DIRECTIONS »
Where in the entries below does "Shorts" appear? Copy every line that has it.

>>

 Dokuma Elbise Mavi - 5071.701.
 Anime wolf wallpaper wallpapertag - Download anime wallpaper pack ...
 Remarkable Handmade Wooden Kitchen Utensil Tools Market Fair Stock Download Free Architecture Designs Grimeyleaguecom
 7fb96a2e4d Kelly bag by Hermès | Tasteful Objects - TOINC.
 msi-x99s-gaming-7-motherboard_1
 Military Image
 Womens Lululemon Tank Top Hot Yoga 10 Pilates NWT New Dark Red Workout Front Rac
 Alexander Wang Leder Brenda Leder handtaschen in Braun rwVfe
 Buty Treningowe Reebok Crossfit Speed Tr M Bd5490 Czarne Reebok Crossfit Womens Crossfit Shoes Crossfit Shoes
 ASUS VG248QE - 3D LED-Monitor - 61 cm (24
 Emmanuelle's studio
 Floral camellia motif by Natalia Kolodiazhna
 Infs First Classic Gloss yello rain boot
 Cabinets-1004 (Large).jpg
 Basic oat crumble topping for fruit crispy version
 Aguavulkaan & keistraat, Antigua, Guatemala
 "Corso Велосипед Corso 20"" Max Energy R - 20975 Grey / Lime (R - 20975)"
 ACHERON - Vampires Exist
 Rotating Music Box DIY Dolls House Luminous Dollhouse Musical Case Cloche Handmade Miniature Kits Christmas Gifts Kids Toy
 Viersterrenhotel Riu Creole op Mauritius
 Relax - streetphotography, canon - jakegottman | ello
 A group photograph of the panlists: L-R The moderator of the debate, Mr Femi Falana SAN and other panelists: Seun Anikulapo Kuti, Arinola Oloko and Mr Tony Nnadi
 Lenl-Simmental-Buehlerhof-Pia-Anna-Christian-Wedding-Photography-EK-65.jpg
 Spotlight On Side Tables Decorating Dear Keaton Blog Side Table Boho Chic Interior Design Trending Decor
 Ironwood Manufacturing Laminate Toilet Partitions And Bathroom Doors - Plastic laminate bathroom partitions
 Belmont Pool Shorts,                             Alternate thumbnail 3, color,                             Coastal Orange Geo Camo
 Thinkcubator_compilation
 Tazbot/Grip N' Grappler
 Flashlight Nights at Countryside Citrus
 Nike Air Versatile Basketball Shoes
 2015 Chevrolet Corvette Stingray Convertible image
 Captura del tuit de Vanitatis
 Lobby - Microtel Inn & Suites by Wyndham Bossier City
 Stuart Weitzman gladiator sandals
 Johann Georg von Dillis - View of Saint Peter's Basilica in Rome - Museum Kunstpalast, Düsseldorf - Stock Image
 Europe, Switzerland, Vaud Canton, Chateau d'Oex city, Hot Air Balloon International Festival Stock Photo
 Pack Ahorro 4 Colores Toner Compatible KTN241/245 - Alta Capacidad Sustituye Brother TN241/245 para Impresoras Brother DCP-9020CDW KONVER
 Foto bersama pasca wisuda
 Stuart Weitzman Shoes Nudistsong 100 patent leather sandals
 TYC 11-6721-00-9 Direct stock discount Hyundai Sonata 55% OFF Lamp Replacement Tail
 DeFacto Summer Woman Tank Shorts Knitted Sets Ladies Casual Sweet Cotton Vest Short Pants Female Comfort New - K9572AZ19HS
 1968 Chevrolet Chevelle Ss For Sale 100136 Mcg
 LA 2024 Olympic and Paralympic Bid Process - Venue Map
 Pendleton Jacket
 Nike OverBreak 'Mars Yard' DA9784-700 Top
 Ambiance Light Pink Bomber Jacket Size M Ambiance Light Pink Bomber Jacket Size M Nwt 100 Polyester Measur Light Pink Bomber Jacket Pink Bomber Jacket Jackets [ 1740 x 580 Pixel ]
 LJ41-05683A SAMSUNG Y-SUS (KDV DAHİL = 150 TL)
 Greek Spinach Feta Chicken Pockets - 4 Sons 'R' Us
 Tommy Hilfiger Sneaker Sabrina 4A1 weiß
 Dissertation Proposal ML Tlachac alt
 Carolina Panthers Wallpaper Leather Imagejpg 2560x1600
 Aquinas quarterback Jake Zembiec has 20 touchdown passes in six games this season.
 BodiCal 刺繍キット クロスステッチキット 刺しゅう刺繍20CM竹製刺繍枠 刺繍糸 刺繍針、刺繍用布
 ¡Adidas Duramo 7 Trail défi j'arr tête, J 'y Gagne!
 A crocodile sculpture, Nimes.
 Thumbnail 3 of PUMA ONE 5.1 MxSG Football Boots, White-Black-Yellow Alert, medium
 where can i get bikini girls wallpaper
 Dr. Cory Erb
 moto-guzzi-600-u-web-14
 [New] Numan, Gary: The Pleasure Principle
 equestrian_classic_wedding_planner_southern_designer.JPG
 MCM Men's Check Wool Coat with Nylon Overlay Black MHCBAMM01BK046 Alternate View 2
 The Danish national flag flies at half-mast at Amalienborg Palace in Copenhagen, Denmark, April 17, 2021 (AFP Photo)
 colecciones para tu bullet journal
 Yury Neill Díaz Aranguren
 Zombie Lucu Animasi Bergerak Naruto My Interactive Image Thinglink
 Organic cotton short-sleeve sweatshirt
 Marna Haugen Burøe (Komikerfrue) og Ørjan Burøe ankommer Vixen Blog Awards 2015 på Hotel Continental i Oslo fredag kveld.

<<

ANSWER FOR THIS EXERCISE »
 Belmont Pool Shorts,                             Alternate thumbnail 3, color,                             Coastal Orange Geo Camo
 DeFacto Summer Woman Tank Shorts Knitted Sets Ladies Casual Sweet Cotton Vest Short Pants Female Comfort New - K9572AZ19HS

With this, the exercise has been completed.